We actually use NHibernate here at work, and there's a lot I like
about it. But it has some issues:
1) The api is showing its age. A lot of stuff is deprecated or
inconsistent. There's a lot of leftovers from the java version I
think.
2) The Linq and Fluent Interface stuff are seperate projects in
seperate downloads.
3) Bidirectional mappings are a pain to set up and require changes to
your domain layer.
4) The mappings aren't very clear. Setting up a one-to-one is a pain
if you don't know what you're doing. lazy load isn't available in all
situations. There's (IMHO) an unnecessary number of seperate tags you
have to learn to do bags, sets, components, etc.

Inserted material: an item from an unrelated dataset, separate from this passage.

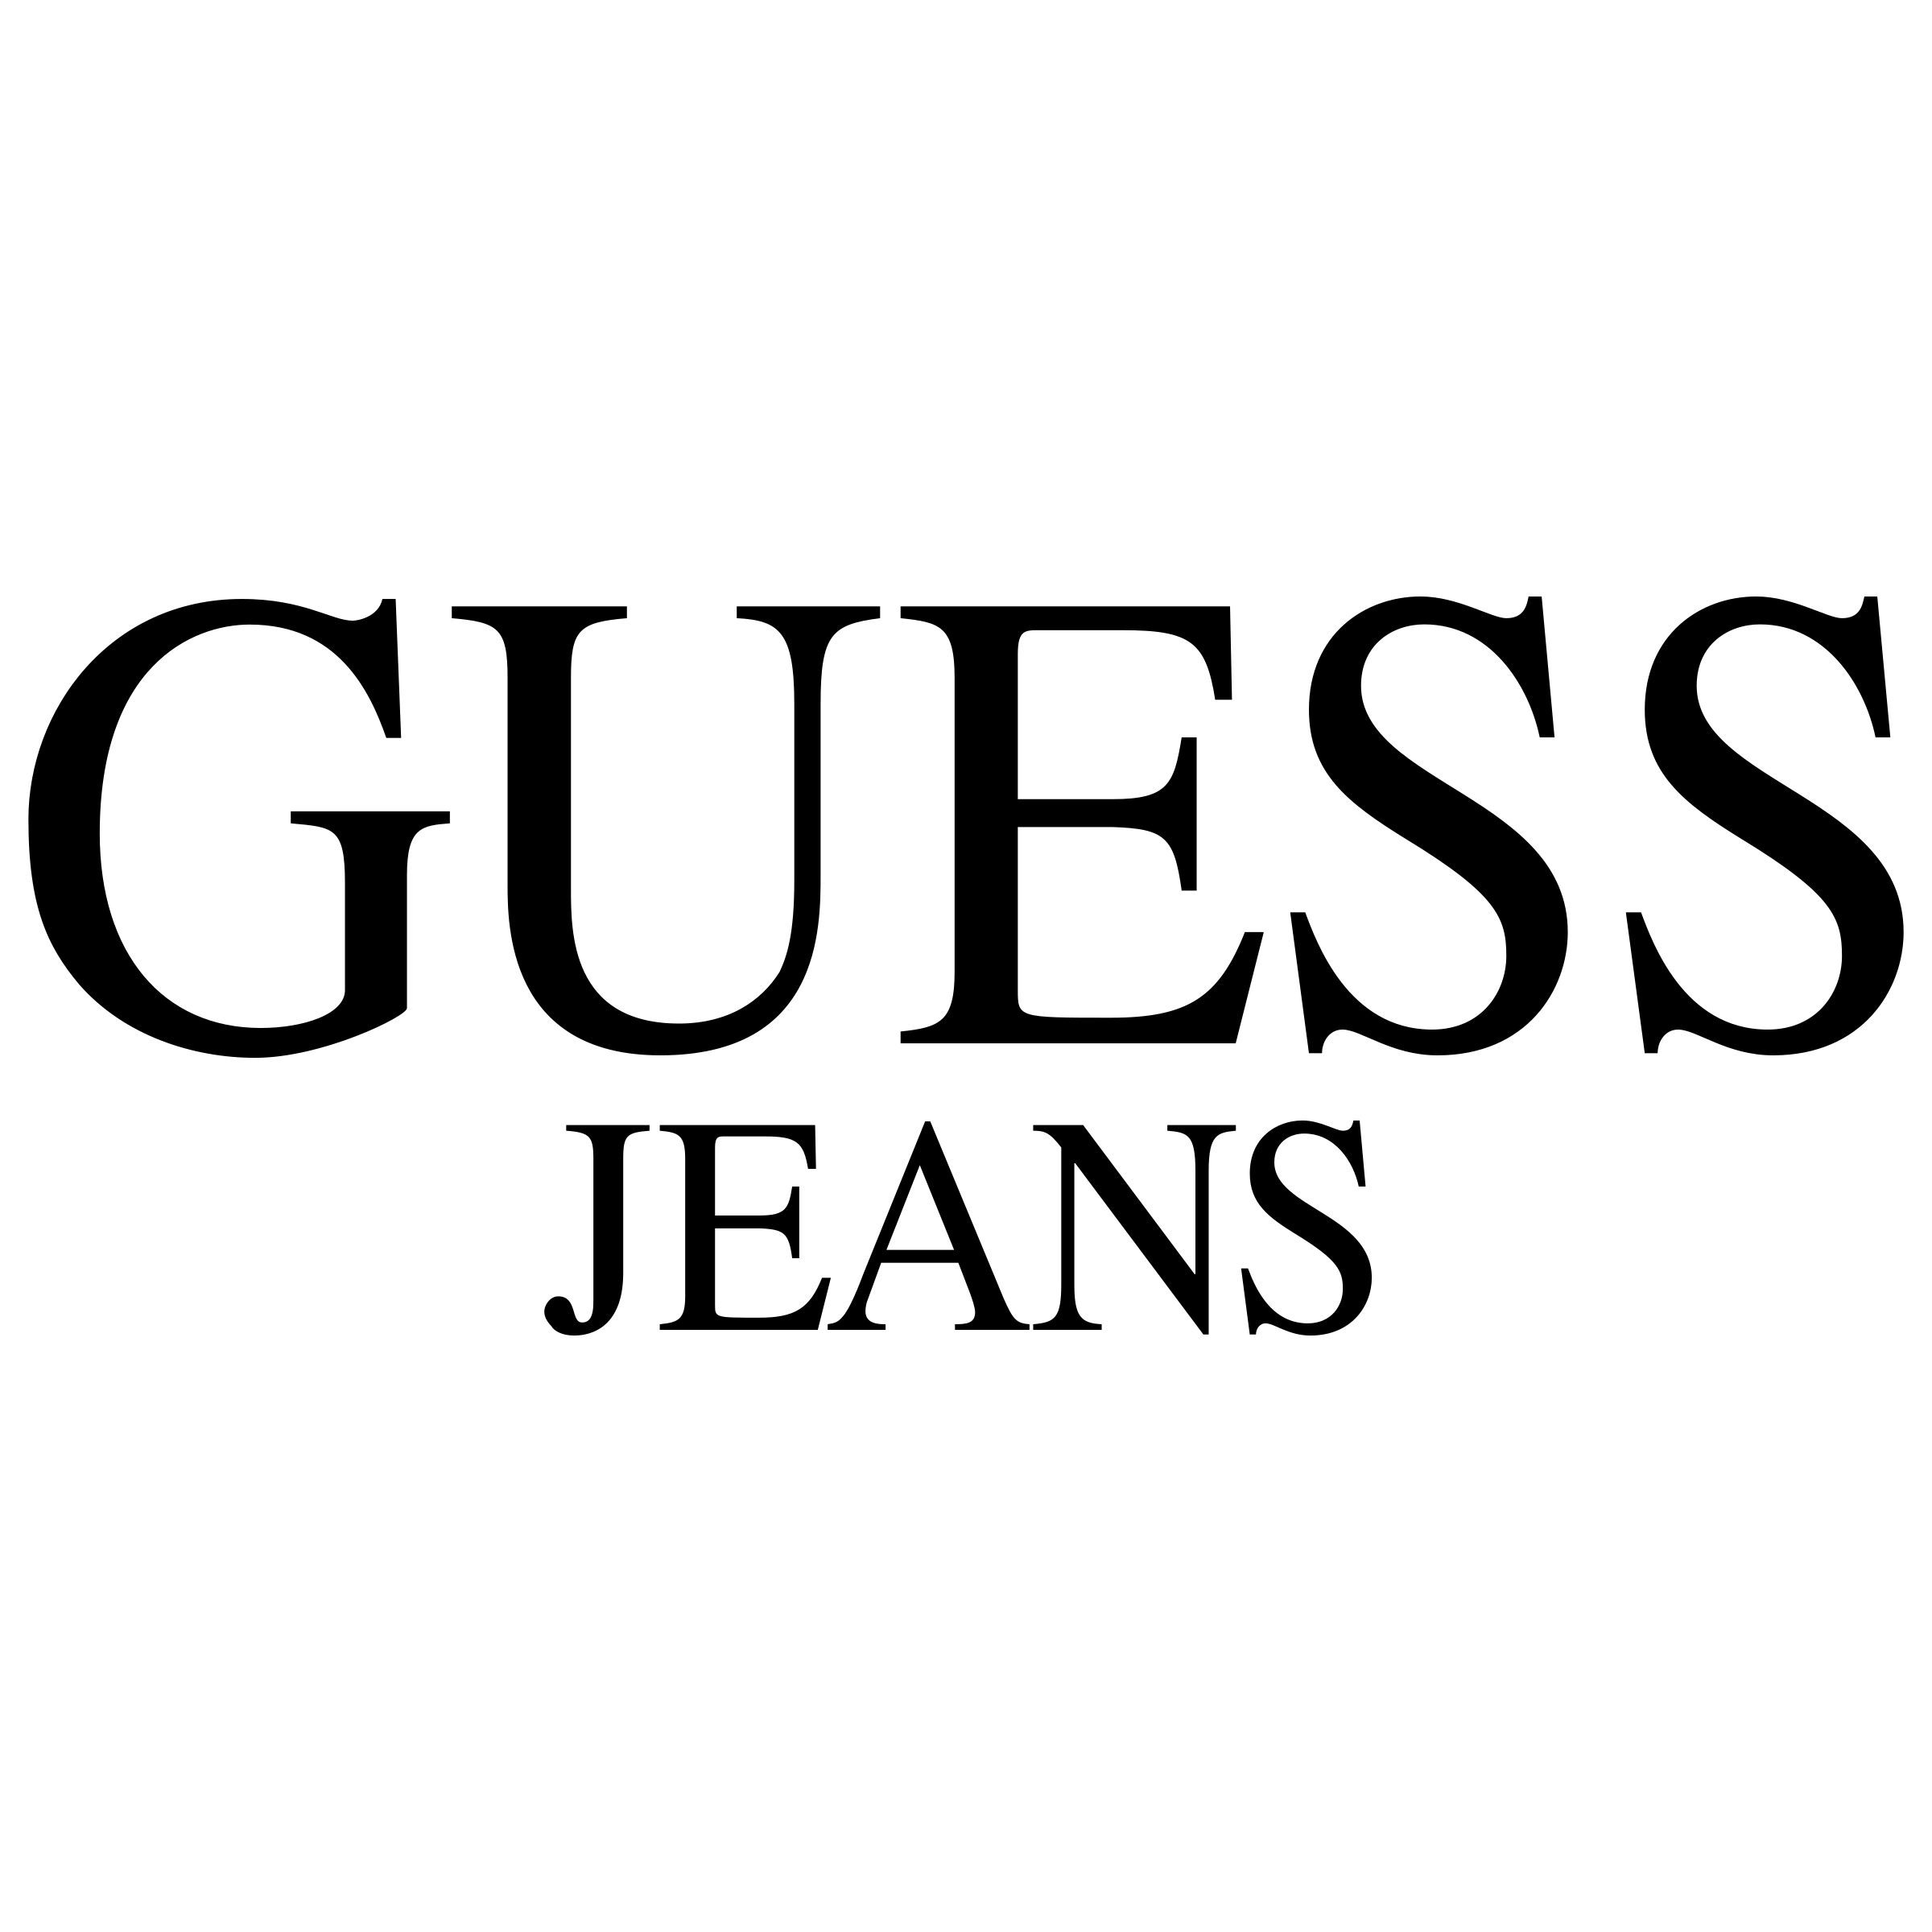 Jeans Logo - Guess Jeans Logo PNG Transparent & SVG Vector

5) HQL is incomplete. Some things work, and some don't.
6) Lots of little developer surprises. For example, if you have a
many-to-one relationship, when NH saves your object, it saves its many-
to-one foreign key as null, then goes back and performs an update
statement to fill it. This wreaks havoc on NOT NULL constraints.
7) Using NHibernate in a tiered environment like a smart client is
difficult, especially with lazy-load enabled. If you want to
serialize your objects using WCF or old fashioned remoting and pull
them down over the wire, NH tries to lazy load every property. If you
turn off lazy loading, it prefetches everything.
In general, just a big learning curve. I think we can do better, and
EF isn't out yet and isn't very mature. Its not that I think i'm some
badass developer, but that i've seen a lot of the strengths and
weakneses in all the mappers.
NHibernate is a good product, but it will be replaced someone,
somewhere, its just a matter of when.